Gordon Hamilton

Personal information
- Nationality: British (Northern Irish)
- Born: c.1935

Sport
- Sport: Athletics
- Event(s): Sprints, long jump
- Club: Queens Univ AC Instonians AC

= Gordon Hamilton (athlete) =

Northern Irish athlete (born c.1935)

N. Gordon Hamilton (born c.1935) is a former athlete from Northern Ireland, who represented Northern Ireland at the British Empire and Commmonwealth Games (now Commonwealth Games).

== Biography ==
Hamilton studied medicine at the Queen's University Belfast and won the Kenneth Holmes Cup for the outstanding athlete at their 1956 annual meeting after winning the 100 and 220 yards and the long jump. Shortly afterwards at the British Universities Championships he won the long jump title and then just two weeks later at the Northern Ireland Championships he retained his long jump title.

Hamilton won the long jump event during the international match against Scotland in September 1957. In May 1958 he was selected for the first trials relay team at Paisley Park, with the view to forming the relay squad for the Empire Games.

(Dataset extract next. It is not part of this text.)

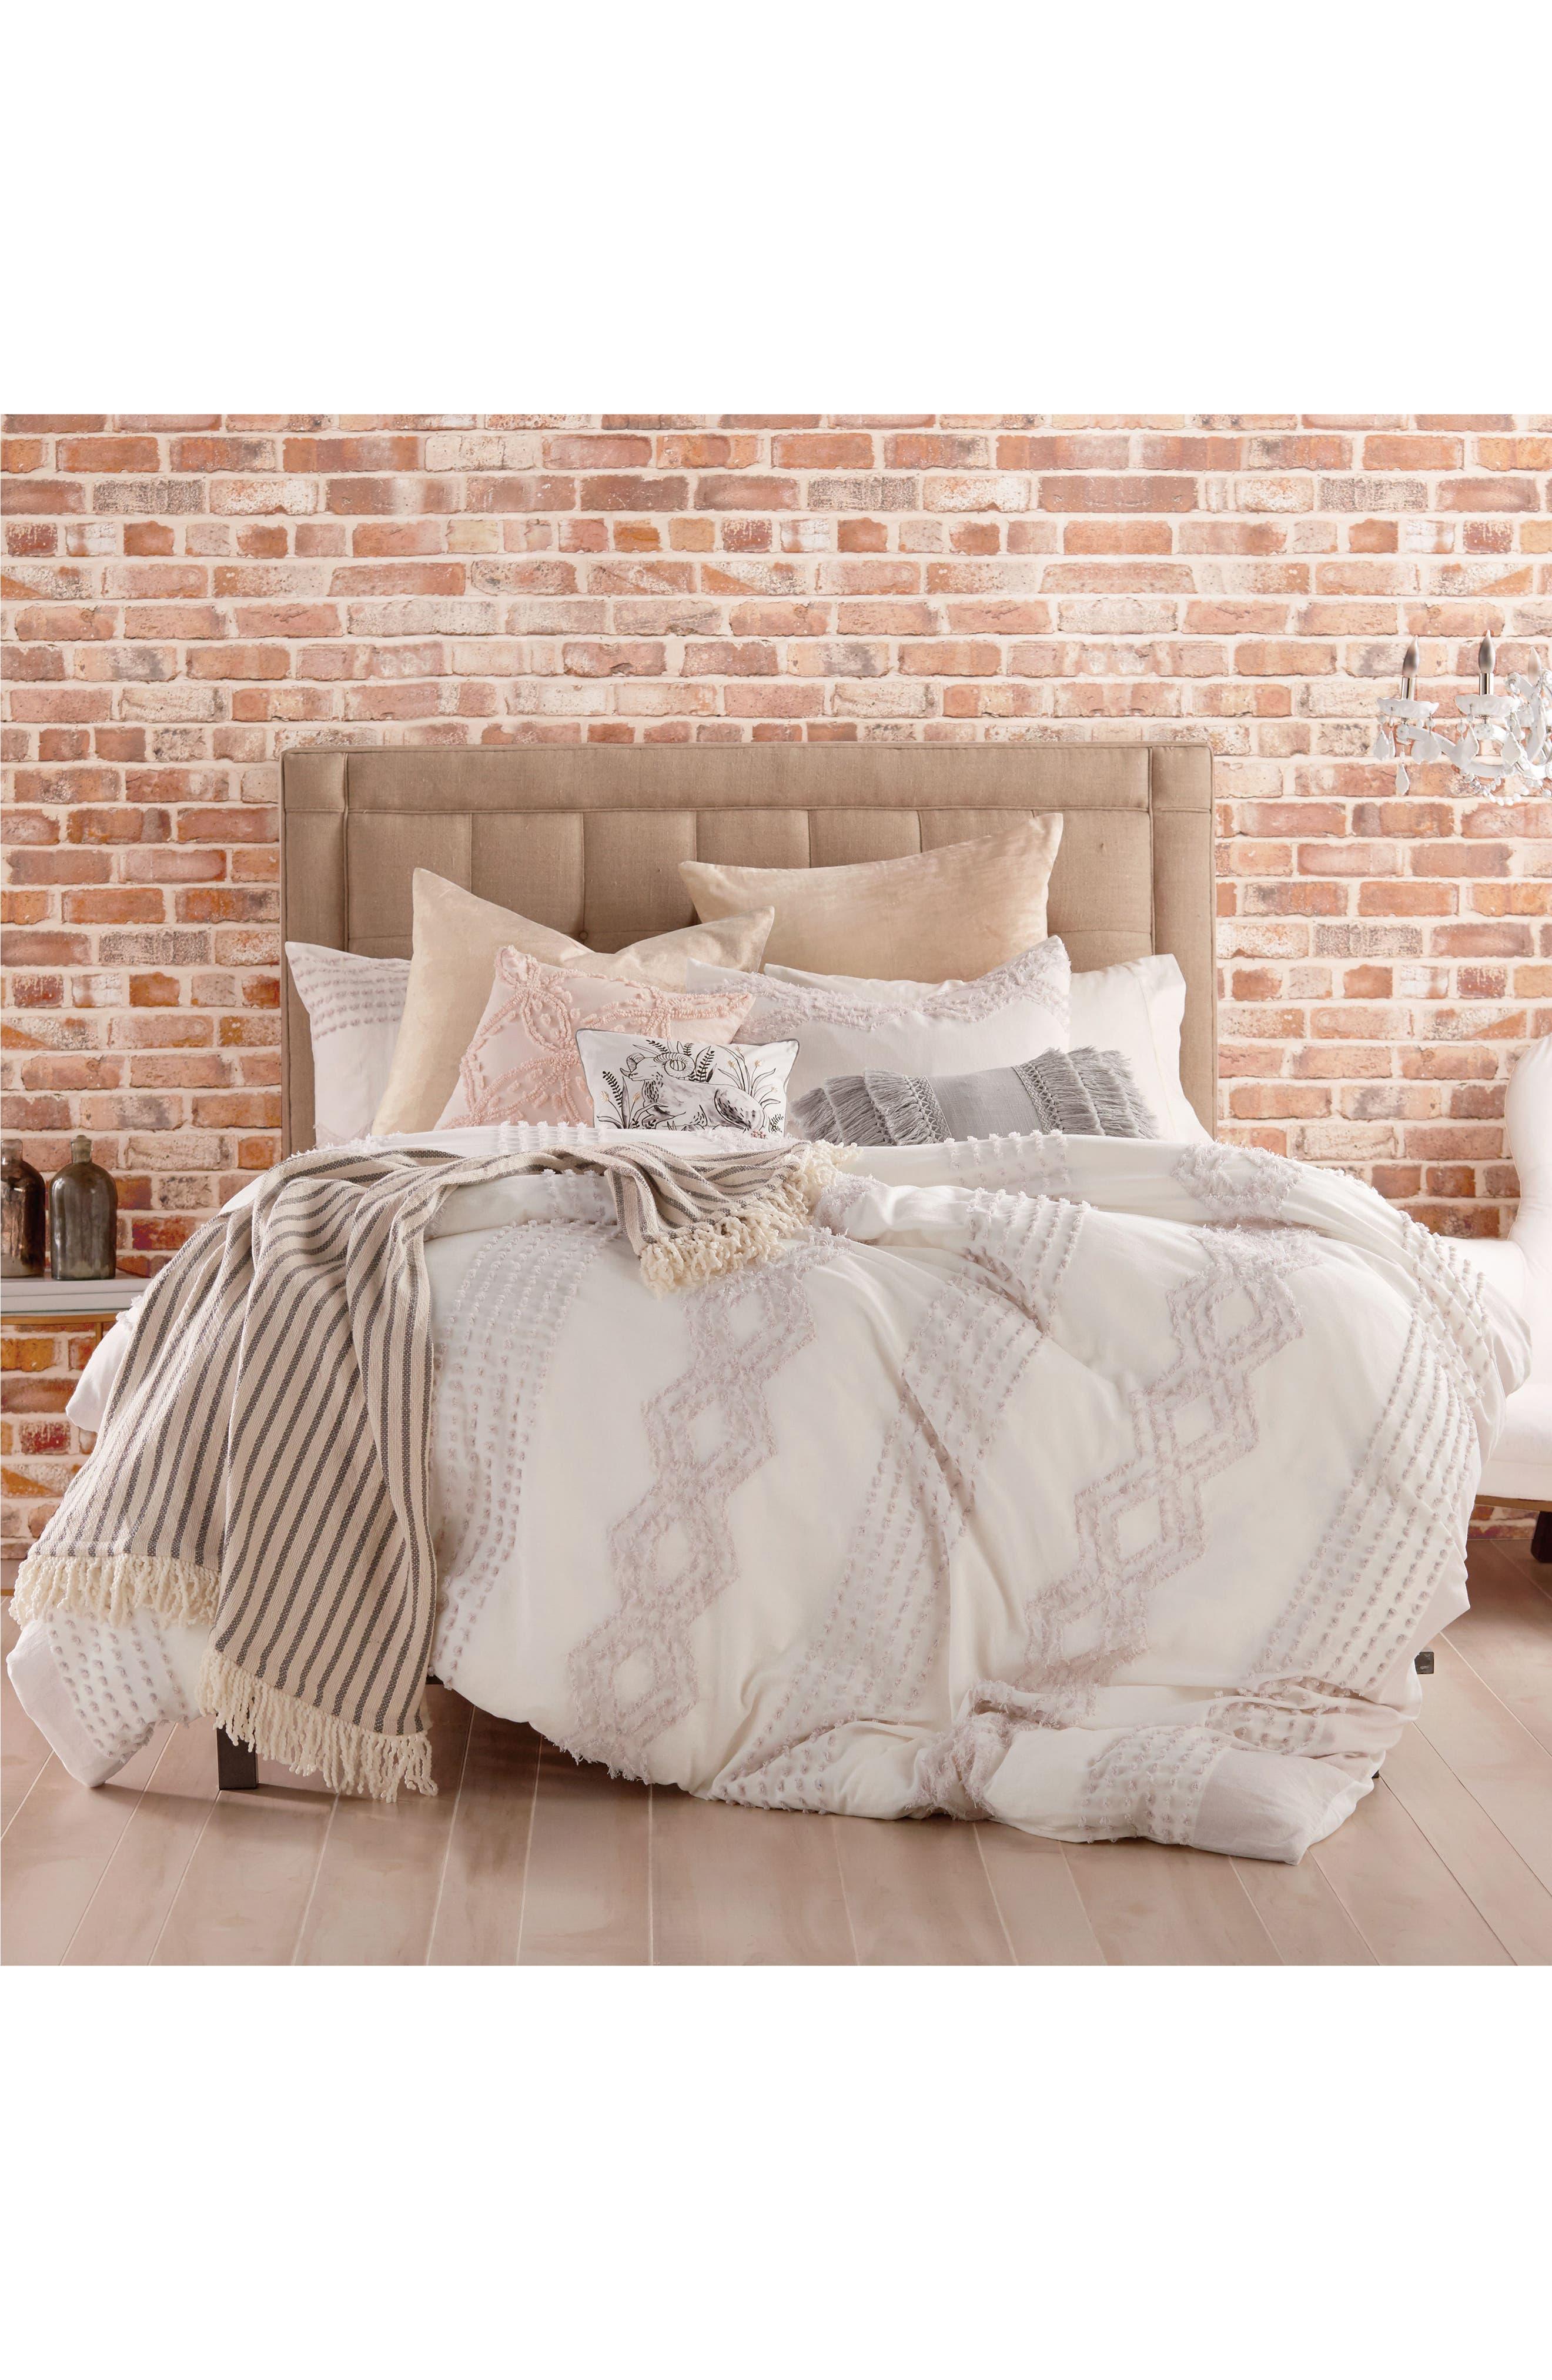 Main Image - Peri Home Cut Geo Chenille Comforter & Sham Set

Hamilton was named by the Northern Ireland AAA in the final 1958 Northern Irish Team for the forthcoming Empire and Commonwealth Games. He subsequently competed at the 1958 British Empire and Commonwealth Games in Cardiff, Wales, participating in the two athletics events; the 100 yards and the long jump.

Hamilton also played rugby union for Queen's and Ulster and had trials for the Irish national team.